Circuit & Mikrofonik
Hey Circuit, I was just tweaking a 360‑degree mic array for a robot project, and I’m wondering how you’d handle the signal routing and impedance matching. What’s your take on making the audio feed clean enough for real‑time AI processing?
Hey, for a 360‑degree mic array you want a low‑noise, matched‑impedance front‑end. Use a differential TIA per mic with a 50‑ohm source impedance, then buffer each with a low‑noise op‑amp into a 100‑ohm load. Keep the traces short and shielded, use star‑grounding, and pull the bias with a high‑value resistor so the signal stays clean.

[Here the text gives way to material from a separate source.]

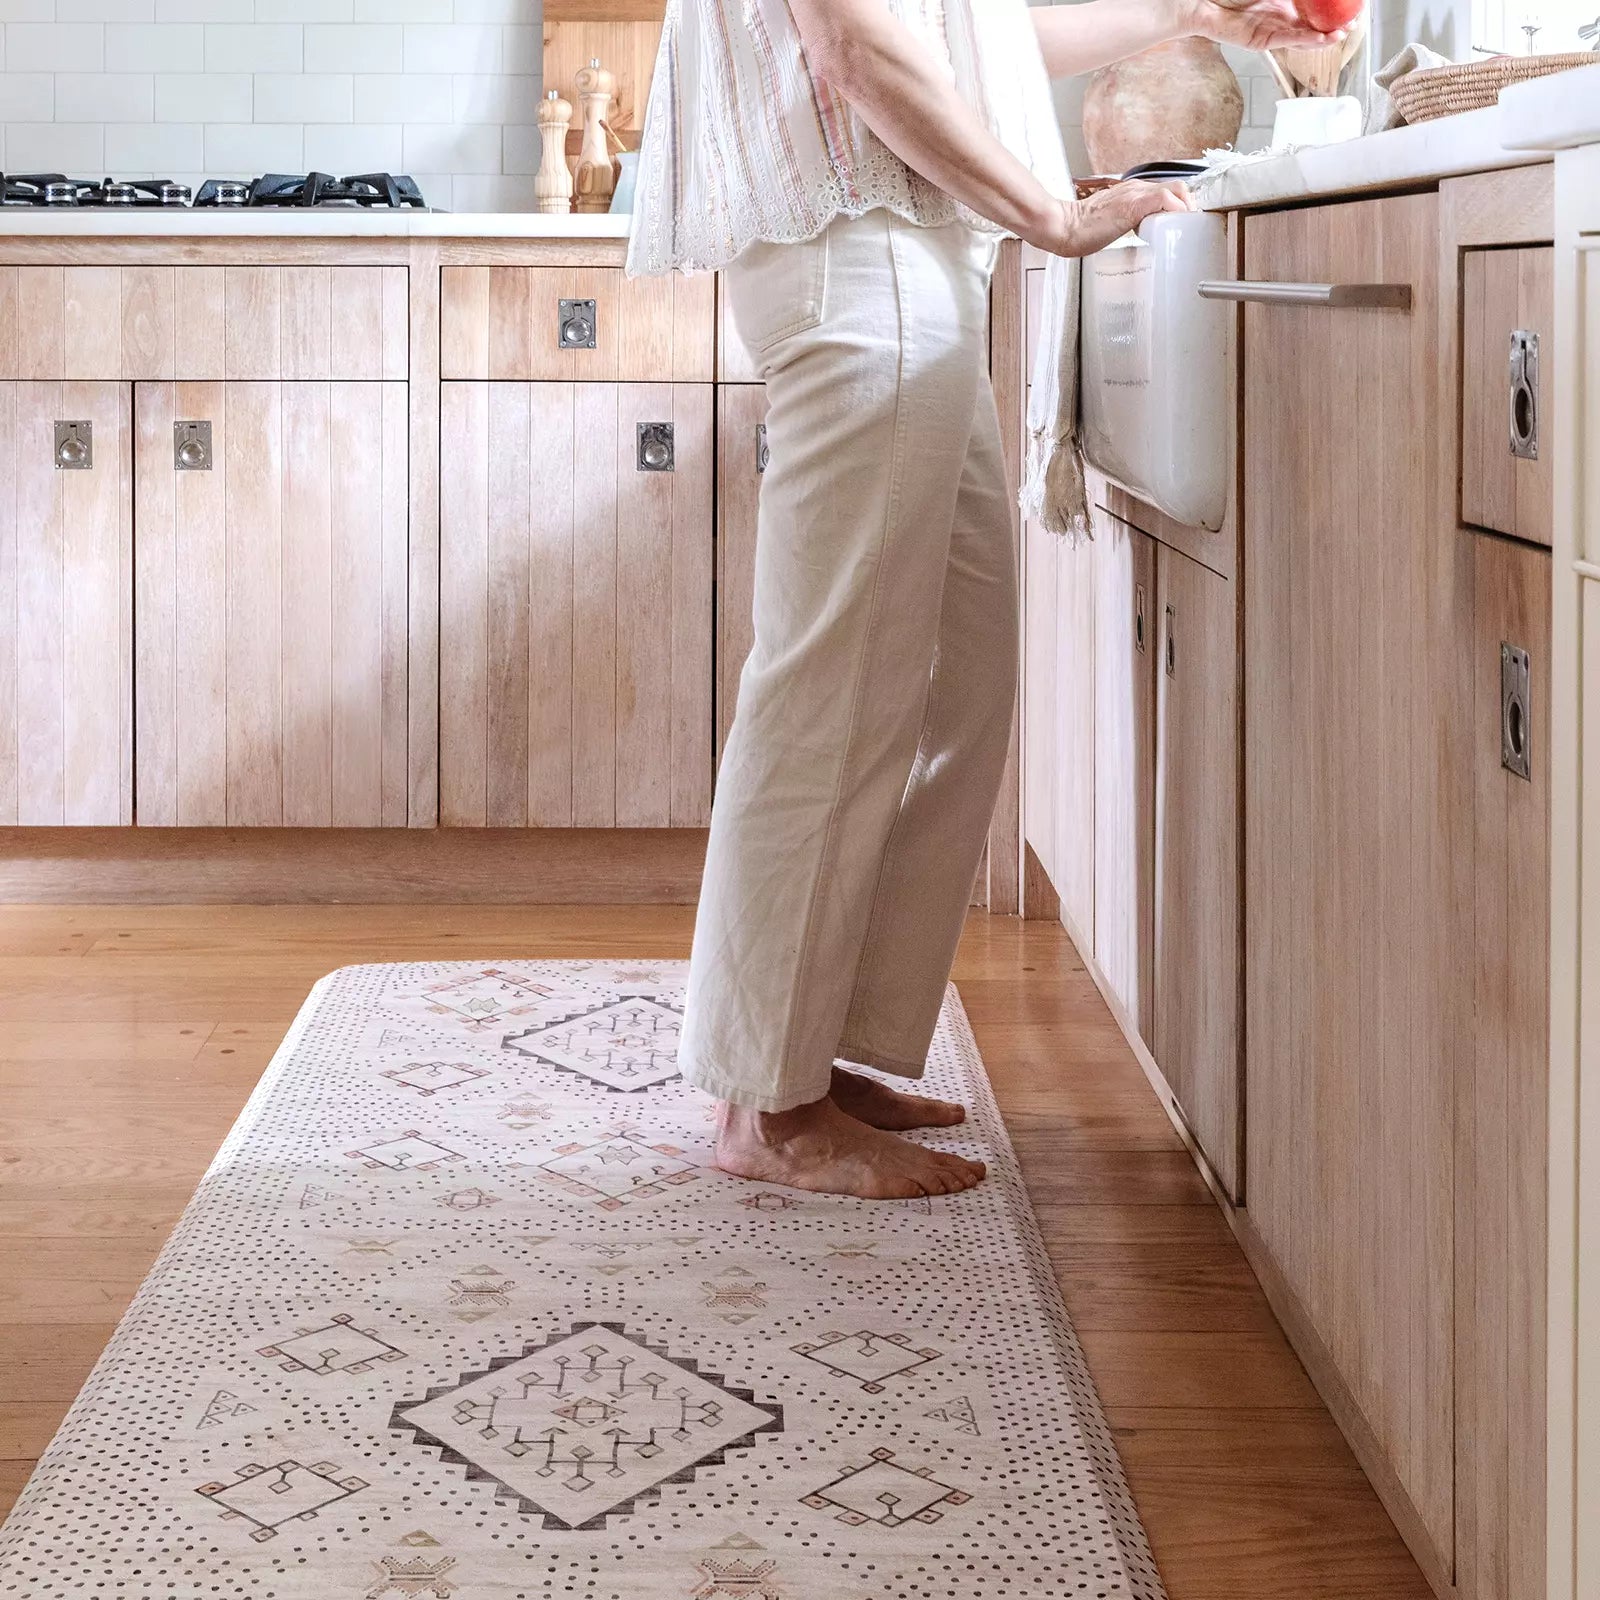 Nama Standing Mat in Ula Oat neutral boho print. Anti-fatigue kitchen mat shown in kitchen with woman washing dishes at the sink.

For real‑time AI, digitize at 48 kHz, apply a 24‑bit ADC, and send the stream over a high‑speed bus like SPI‑DMA or I²S to your DSP. Keep the PCB layout symmetrical so the phase isn’t skewed – that’s the key to a clean, usable audio feed.

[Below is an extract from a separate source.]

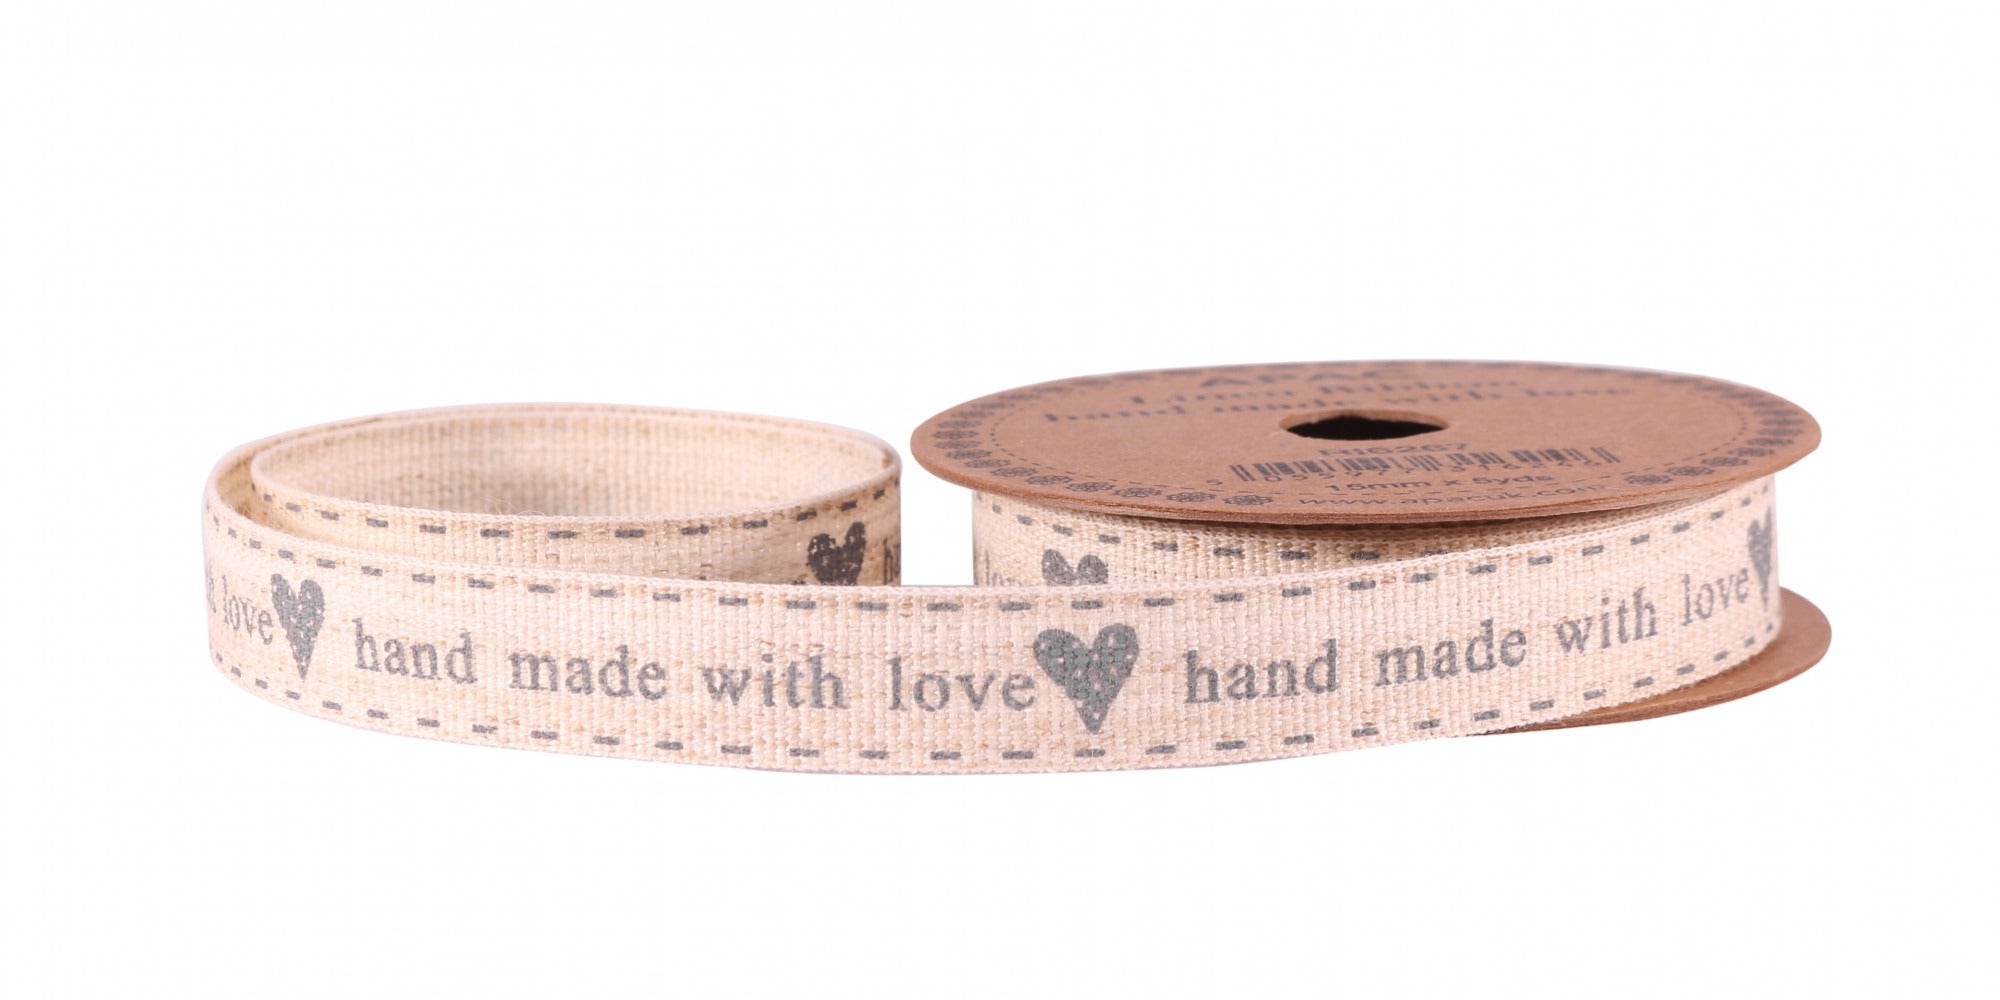 View Handmade with Love Grey Linen Ribbon 15mm information

Thanks for the rundown – I’ll stick the 50‑ohm source to the differential TIA, but I’m still debating whether a 100‑ohm load is too high for my 48 kHz ADC. Any thoughts on the bias resistor value? Also, my PCB is a bit cramped; maybe a ground plane would help more than star‑grounding? Let me know if you think the phase symmetry is really that critical for the AI to “hear” the world evenly.